* TASK STATEMENT: Please set down, unchanged, each line from the one with "Datel Action Replay" to the final line of the data below, both included. Drop the pictures.

* PROVIDED DATA:

+--

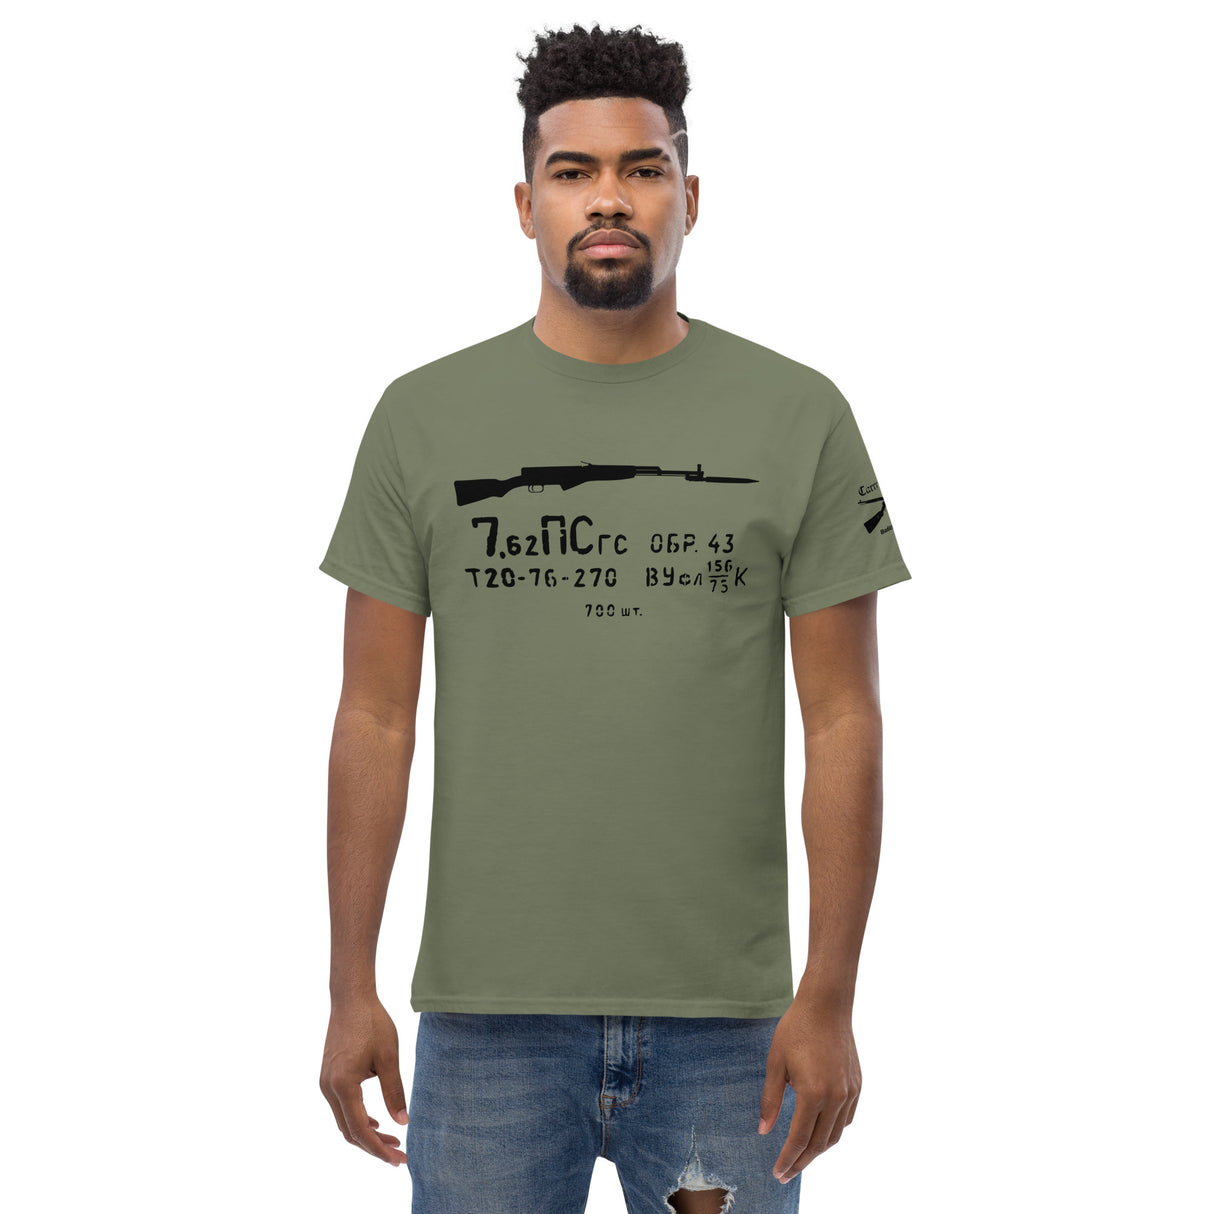 SKS carbine T-shirt with ammo spam can label prints - dark font
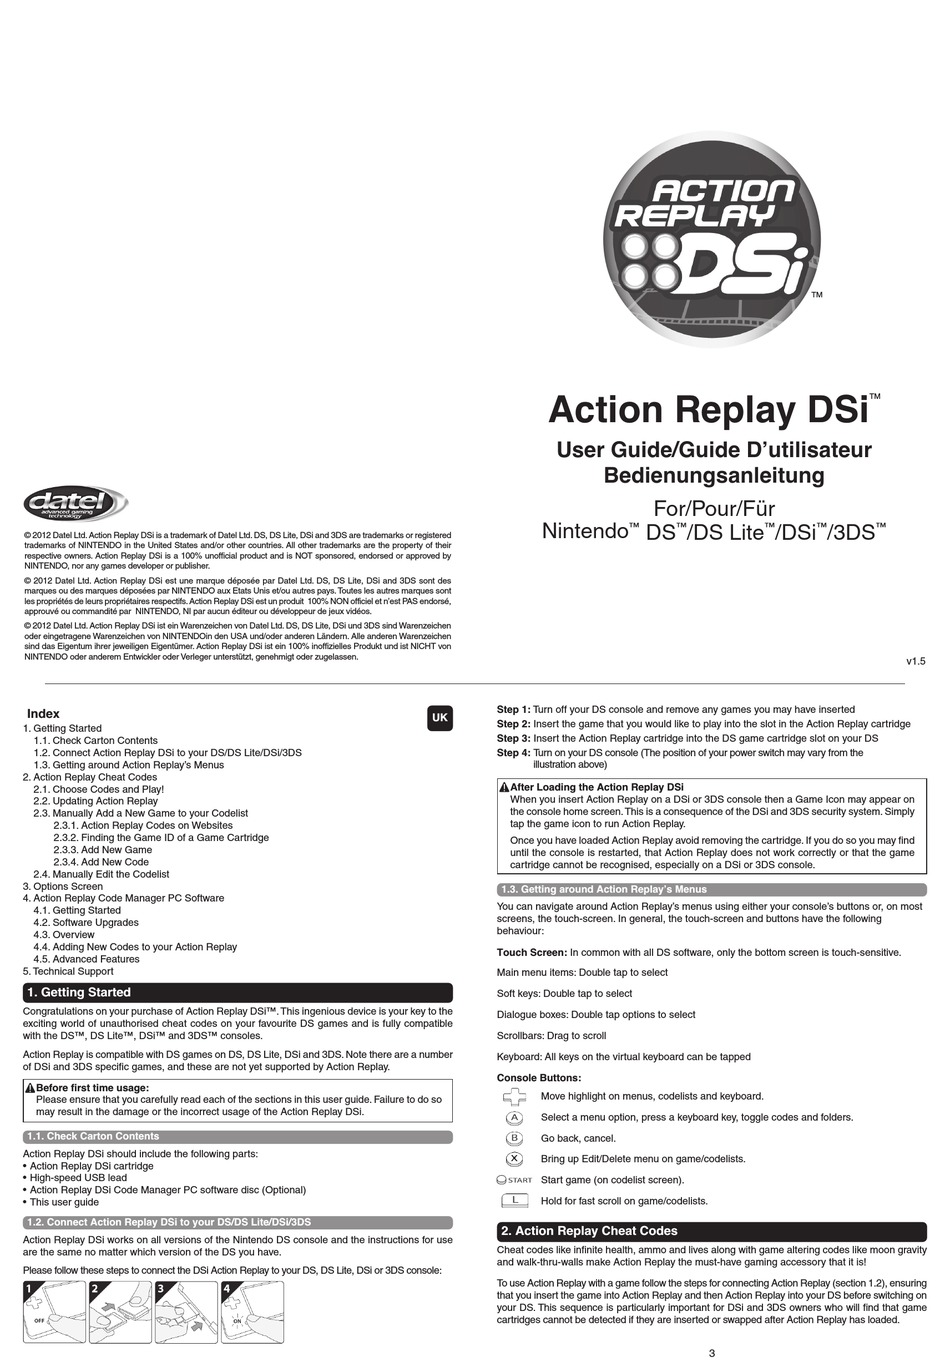  Datel Action Replay Cheat System (3DS/DSi XL/DSi/DS
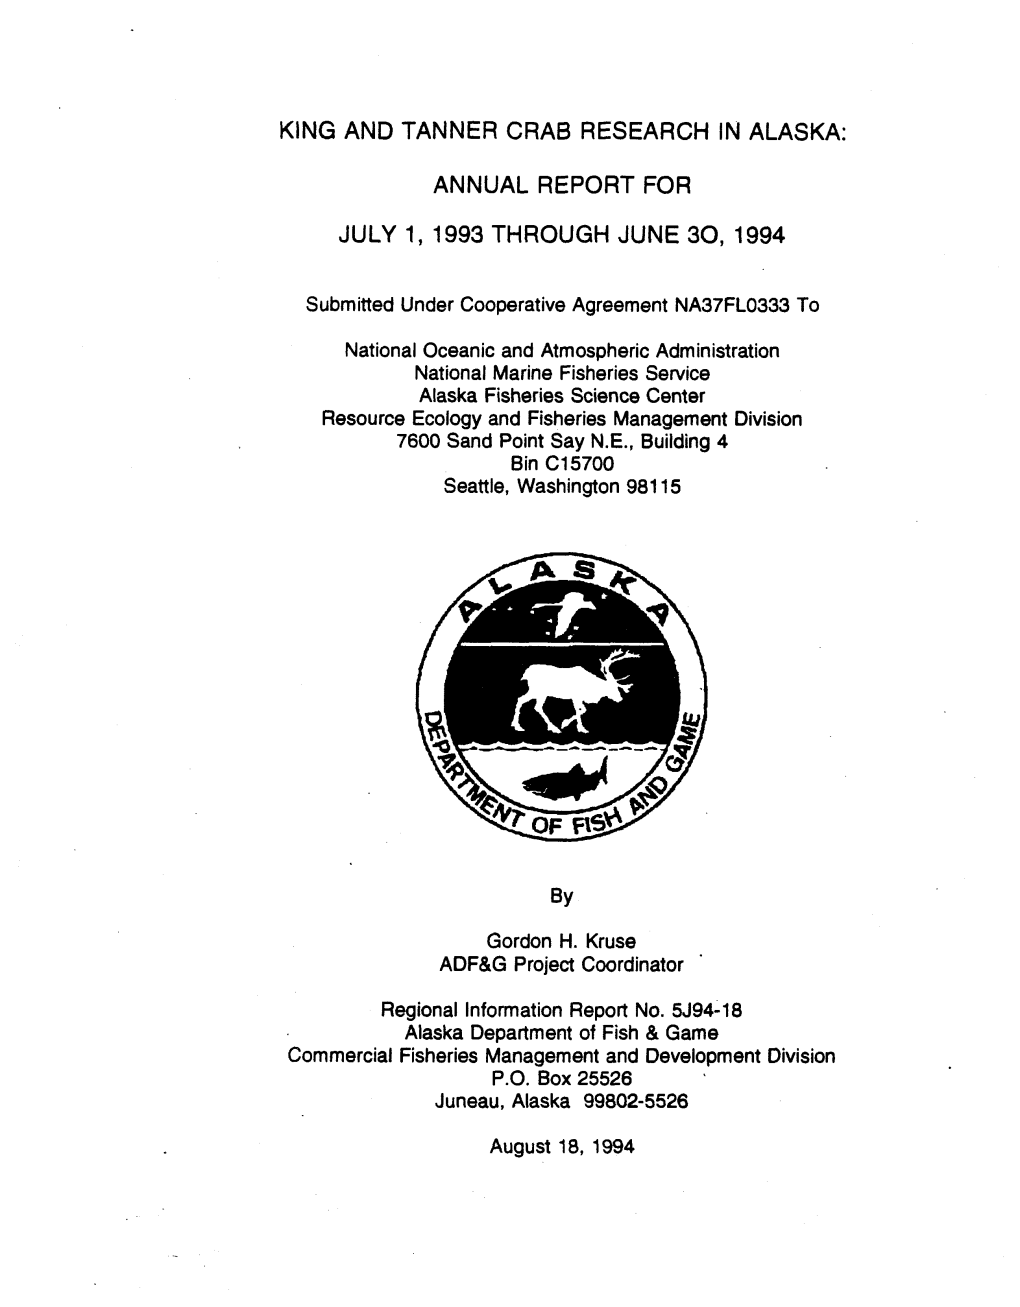 King and Tanner Crab Research in Alaska: Annual Report for July 1, 1993 Through June 30, 1994

+--

* RESULT FOR THIS EXERCISE:
  Datel Action Replay Cheat System (3DS/DSi XL/DSi/DS
 King and Tanner Crab Research in Alaska: Annual Report for July 1, 1993 Through June 30, 1994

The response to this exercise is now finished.